The discovery of novel ncRNAs with diverse biological functions within different species and cell types makes ncRNAs one of the most exciting scientific topics. In this review, we have introduced many ncRNAs, including miRNAs, lncRNAs, piRNAs, circRNAs, and tRFs. MicroRNAs, lncRNAs and circRNAs can serve as diagnostic biomarkers, while miRNAs are the most promising therapeutic targets of PD, especially coupled with exosomal transportation. However, the evidence for piRNAs and tRFs is less convincing at this stage.

There are still many new classes of ncRNA sequences to be found by higher-throughput, longer-read, and extensive sequencing platforms. A complementary approach using multiple platforms is often recommended when generating RNA profiles or analysing RNA expression. However, their biological functions still warrant further clarification by functional analysis in the pathophysiology of PD.
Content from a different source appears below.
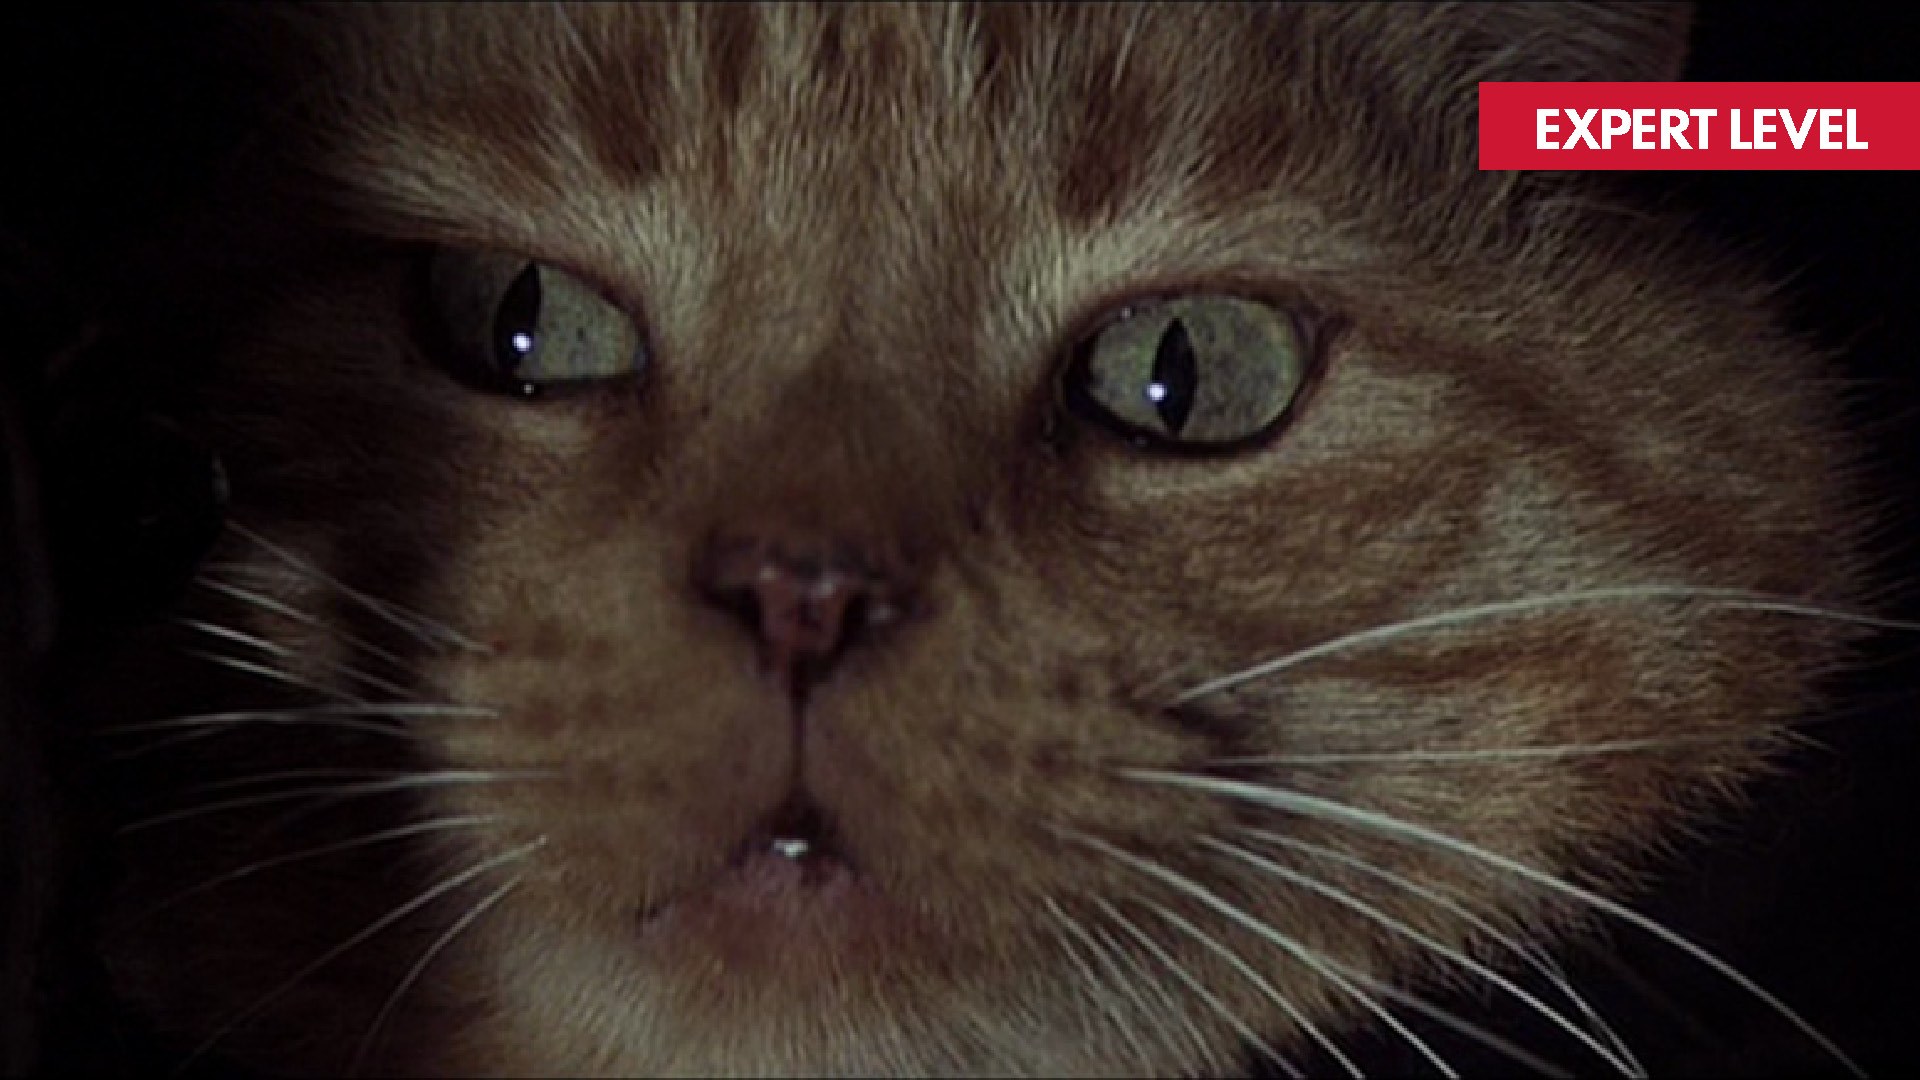 ALIEN Film Still - image of a cat
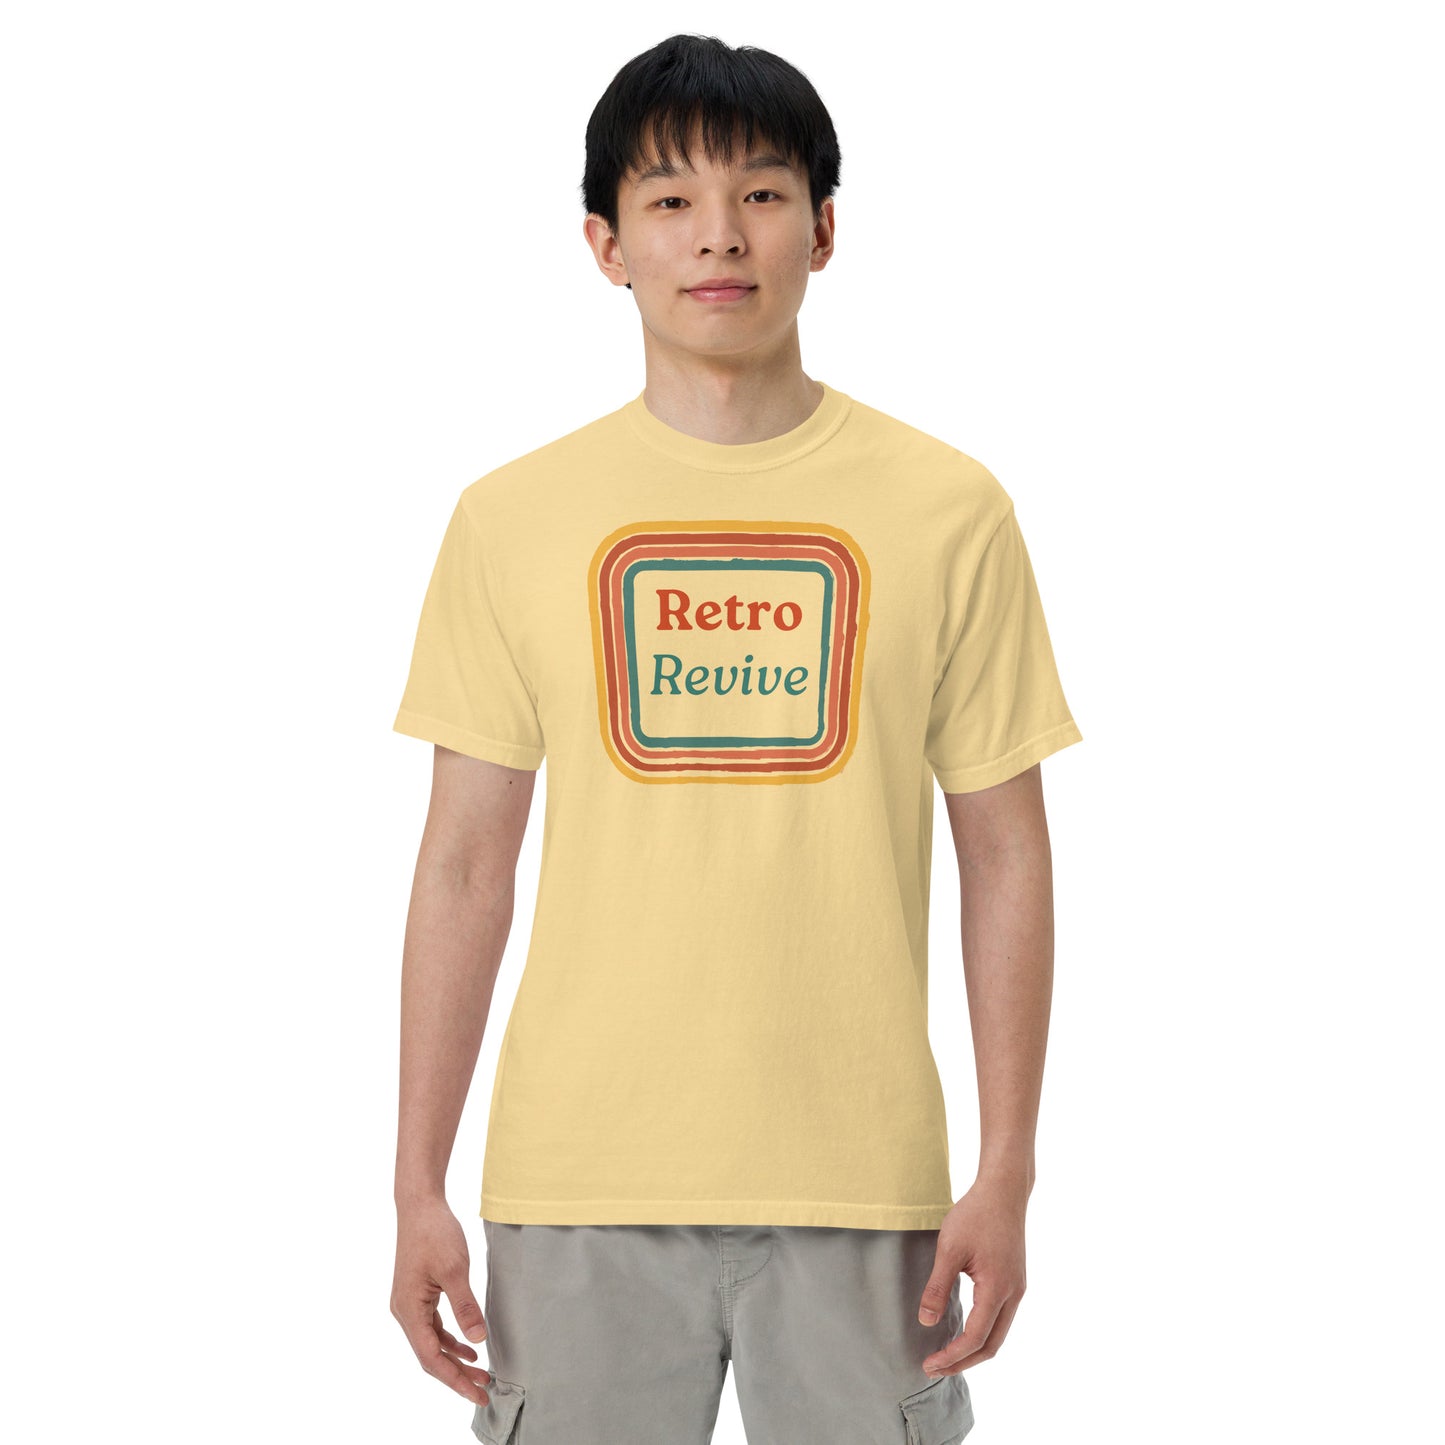 Retro Revive 70's Square Design Men’s Comforts Color T-Shirt

The complex network of ncRNAs with DNA, proteins, and other ncRNAs makes this puzzle hard to unravel. With the help of collaborative sequencing and analytical methods and proper selection of model organisms, we can expect to gain clearer insight to identify disease-relevant ncRNAs as diagnostic biomarkers or therapeutic targets of PD in all biological aspects in the near future.